Monday, May 10, 2010

I Shalt Become - Poison (Moribund 2010)


Attention: all assholes that think/thought that symphonic means “For Pussies”, this album along with acts like Hellveto are reinventing the style by giving it a true demonic possession that nothing can exorcise. I would really have to say that this release not only towers over others in that style but is even one for those of us who really enjoy the neo-classical/black ambient/ martial/ black-folk stuff. Honestly, it’s not everyday that something comes my way that is so intense that it busts my jaw open so and I have to review it ASAP before the shock wears off and I lose my initial thoughts on the album. I’ve been hearing about this USBM project for some time now and expected something along these lines, but not being this brilliantly evil and haunting of a BM soundtrack to an occult symphony of horrors and pure depression. I’m thrown off, but not disappointed as this is some wicked shit.

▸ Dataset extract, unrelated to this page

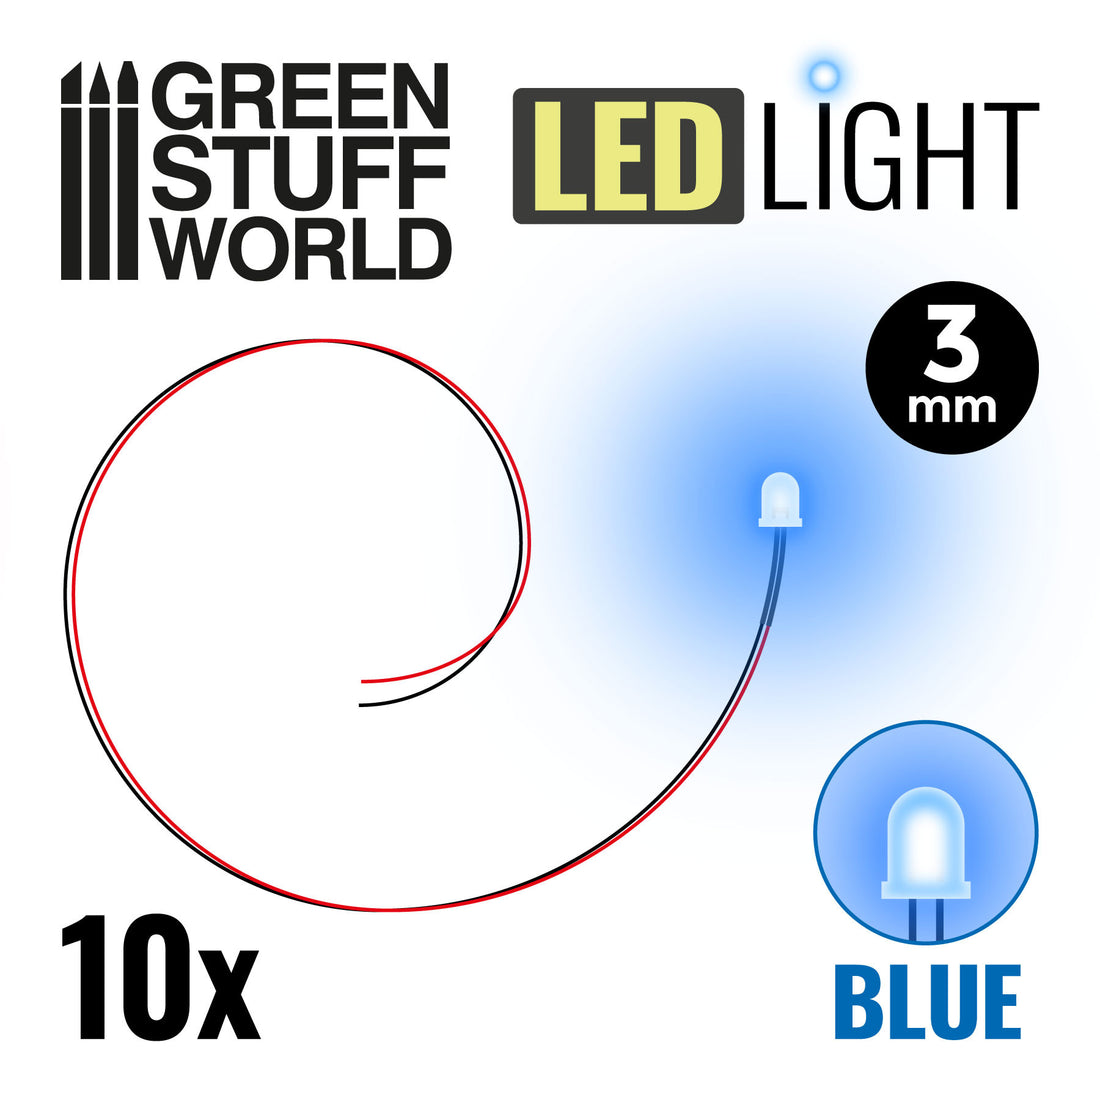 LED Lights – red/blue – 3mm

If there was one album that I’ve heard in a few years that screams out “Soundtrack to old silent horror films” this would be the one, and that’s a long list to top. Poison is not an album to go into with any expectations; it’s a soundtrack to a weird dream, a “Little shop of Horrors”, a tragic tale of loneliness and even victory, only to be experienced, and not just heard. It reminds me of the original Nosferatu, Vampyr, and The Cabinet of Dr. Caligari films, where a monster is resurrected in the night and reigns terror over the villagers through nightmares and murders. Not quite a symphony for the depraved but is definitely sinister and essential for those who like the real sound of darkness and mystery. Highly recommended for fans of: Velvet Cacoon, Gnaw Their Tongues, Alcest, Caina, Hellveto, Blood of the Black Owl, Summoning, Gravsahl, Brown Jenkins, Ebonillumini, Finnr’s Cane; but I’d say that anyone into: Steinklang/Ahnstern releases, Cold Meat Industry, Tesco, Old Europa Café, Soleil Moon, Cold Spring, and the War Office Propaganda labels will definitely appreciate this one.


The sound coming from this album is so cold at times that it will freeze your blood in an instant, then it proceeds to put you into a state of hypothermia, that’s the level of dynamics here. If it’s not the piano on “Leaving the Watership Down”, or the presence of female ethereal vocals buried within the violins and distorted guitar on “Harlow’s Vertical Chamber Apparatus”, it’s the sound of something haunting within the mix that really brings this album together. There’s even some raw BM aggression that stirs within and becomes violent and manifested on “ No Quarter at the Somme”. The sound here is HUGE, actually MASSIVE, so much that you’d swear this was a real orchestra, and each track flows perfectly into the next without any interruption. The musicianship, production, composition, atmosphere, and experience are perfect. I will almost guarantee that this is an album that not too many will have ever heard before.